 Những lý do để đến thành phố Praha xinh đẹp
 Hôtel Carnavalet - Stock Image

━━━━━━

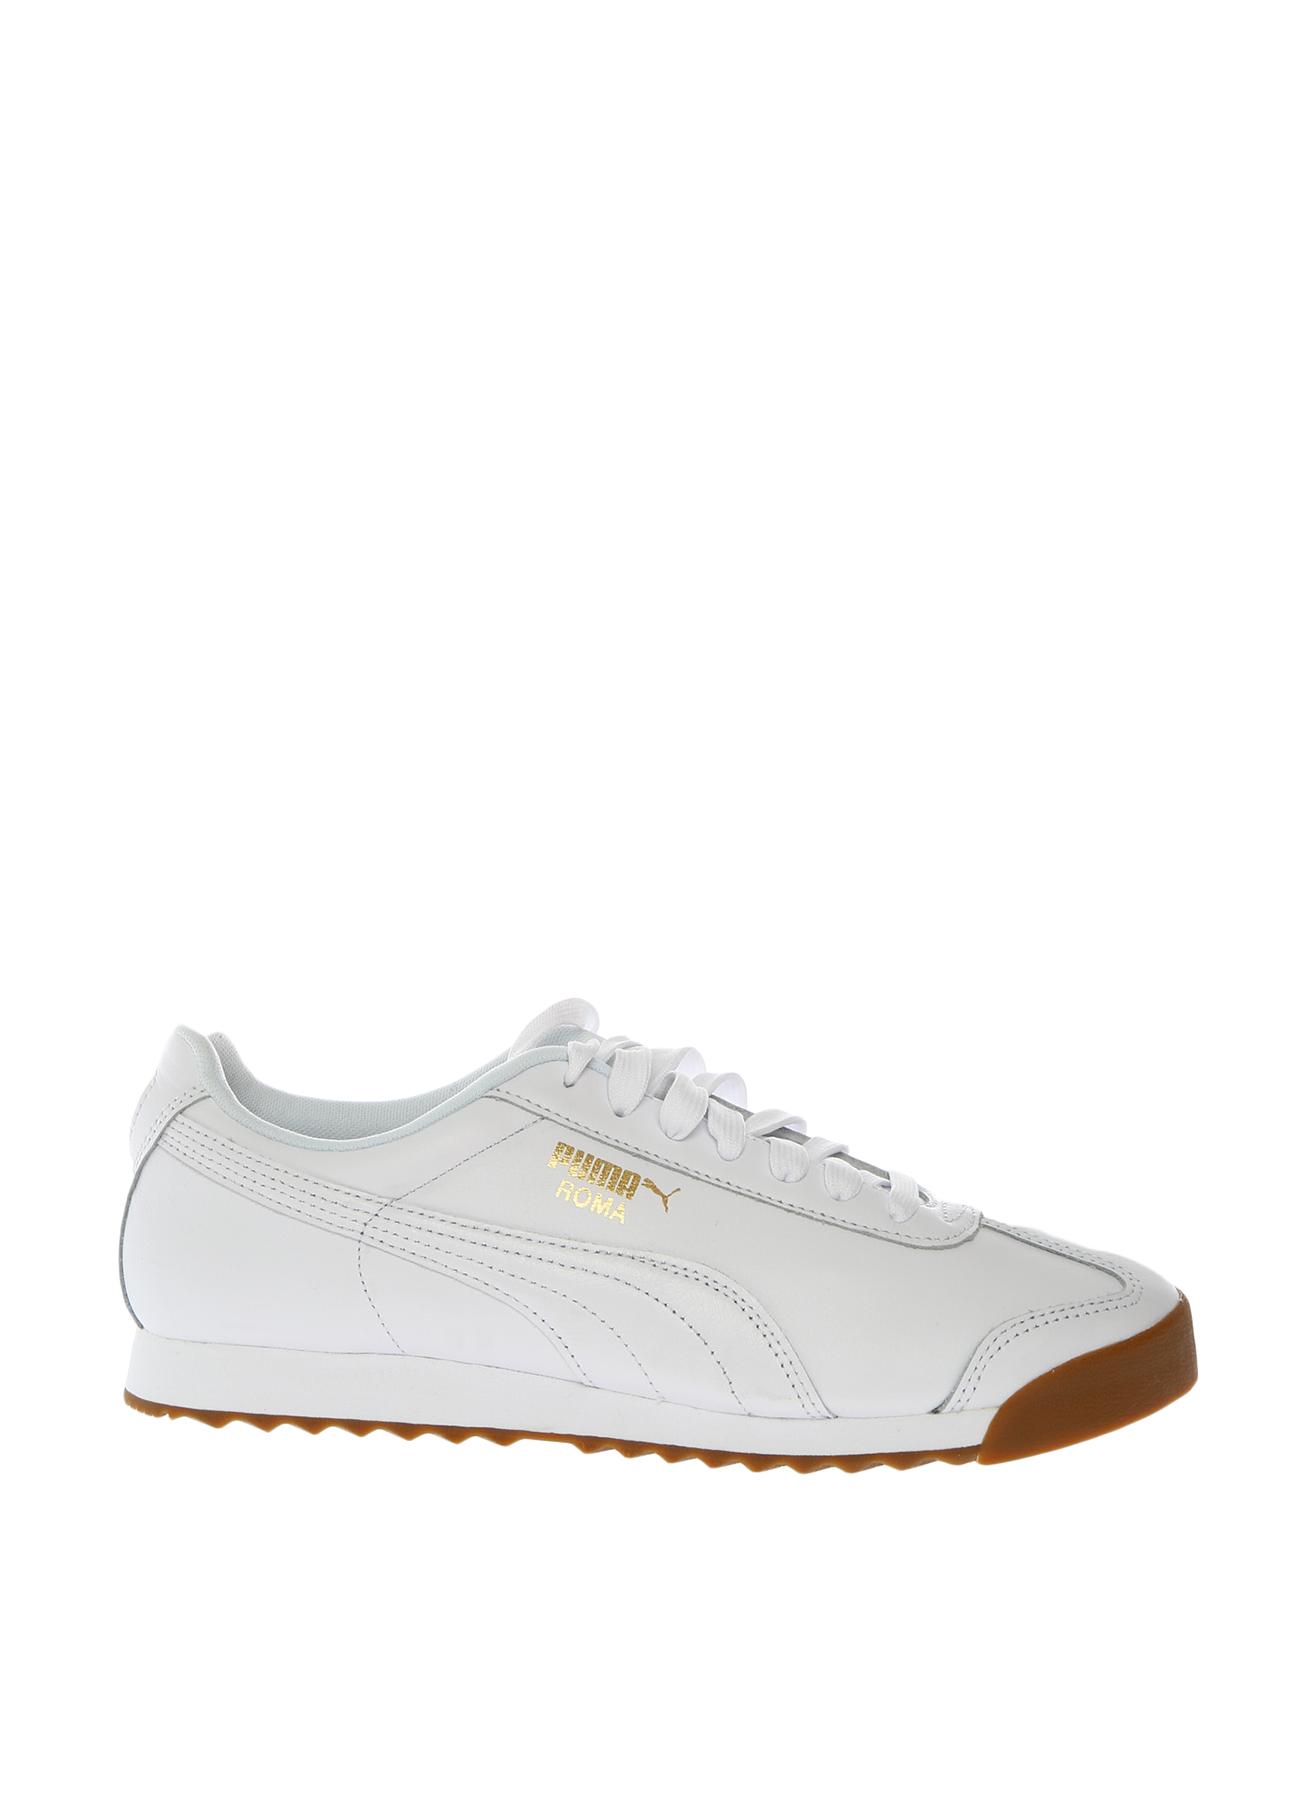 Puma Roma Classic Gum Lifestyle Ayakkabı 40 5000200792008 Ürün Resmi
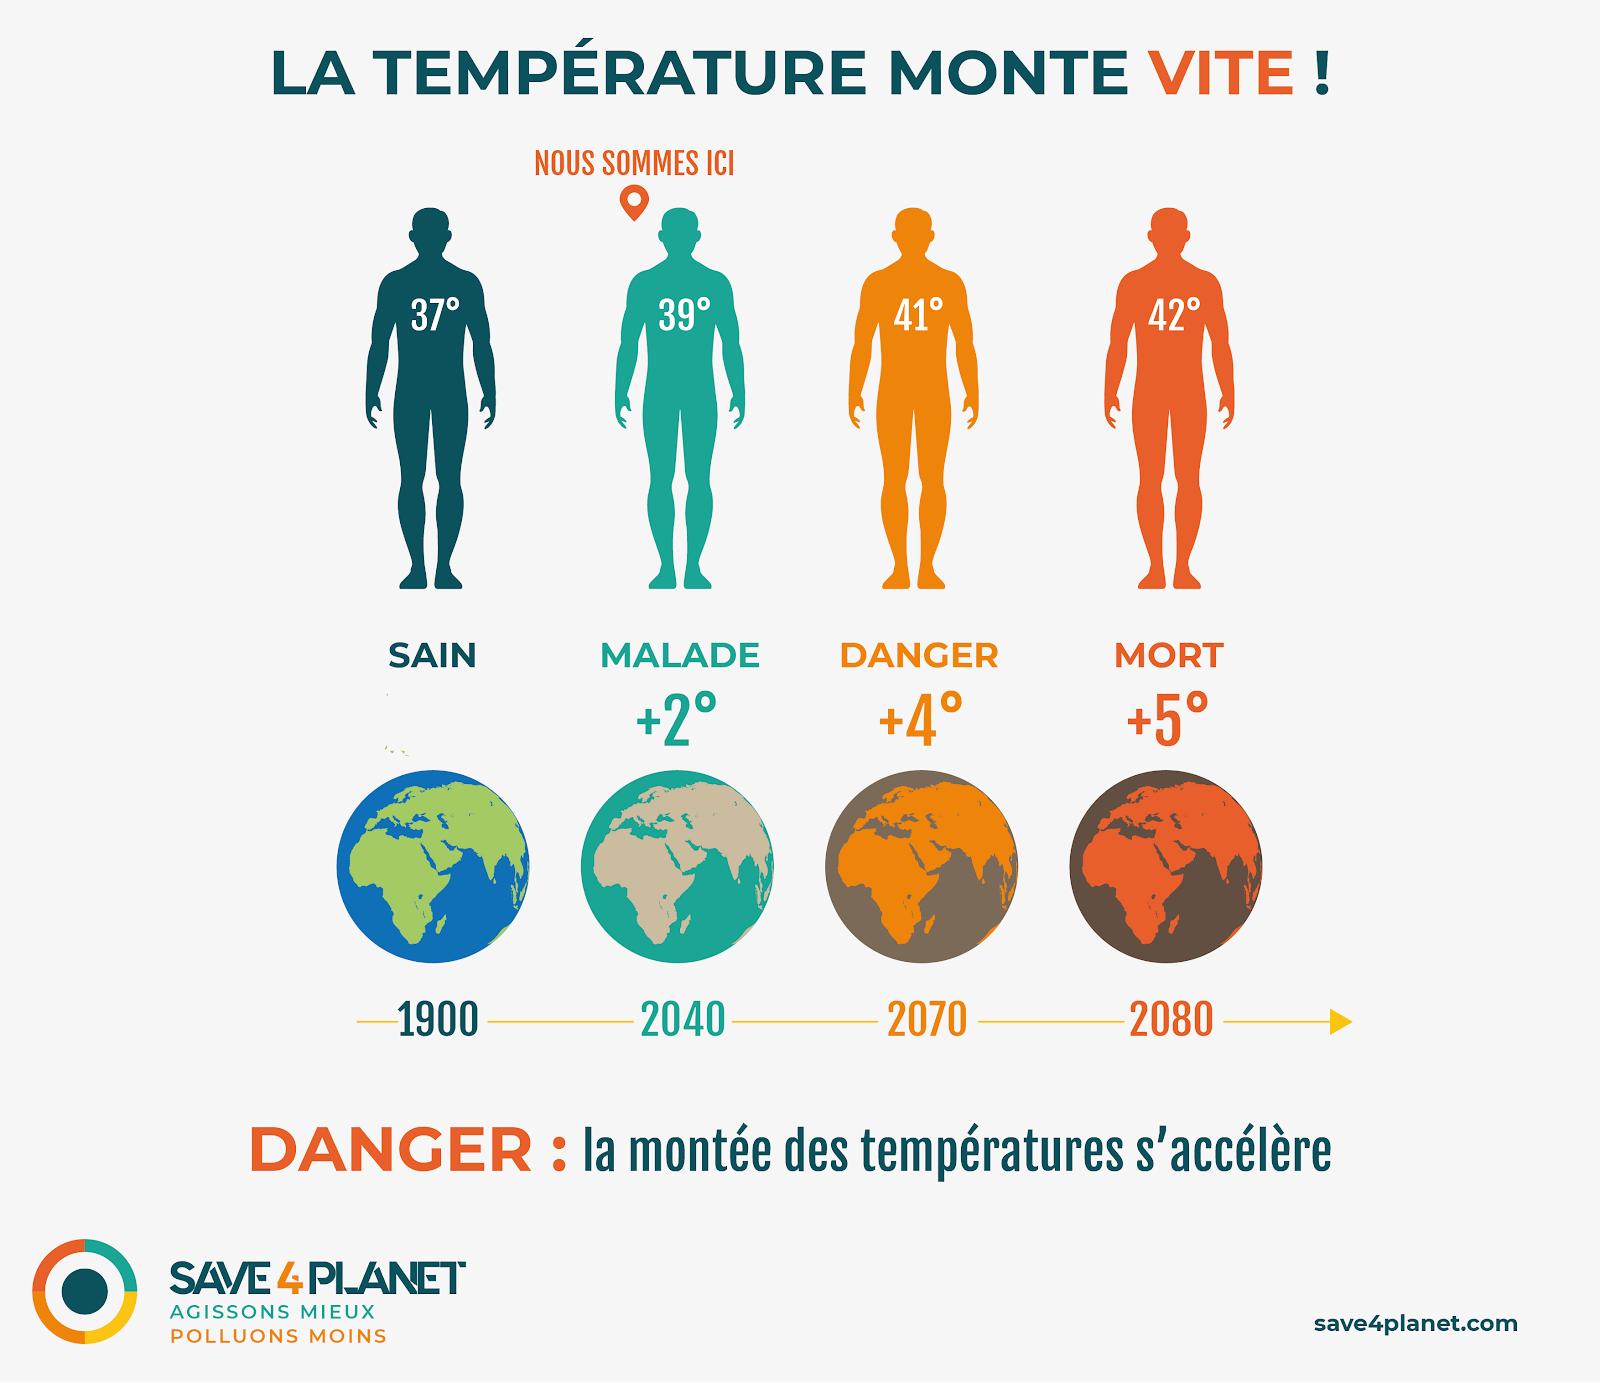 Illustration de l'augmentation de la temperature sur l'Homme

━━━━━━

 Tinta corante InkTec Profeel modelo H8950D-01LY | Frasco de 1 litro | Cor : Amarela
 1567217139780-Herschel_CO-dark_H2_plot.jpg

━━━━━━

__What the task requires__:
As the answer, set down only the lines from the data above between the one holding "Tinta corante InkTec" and the one holding "1567217139780-Herschel_CO-dark_H2_plot.jpg", inclusive, exactly as they read.

__Answer to the problem__:
 Tinta corante InkTec Profeel modelo H8950D-01LY | Frasco de 1 litro | Cor : Amarela
 1567217139780-Herschel_CO-dark_H2_plot.jpg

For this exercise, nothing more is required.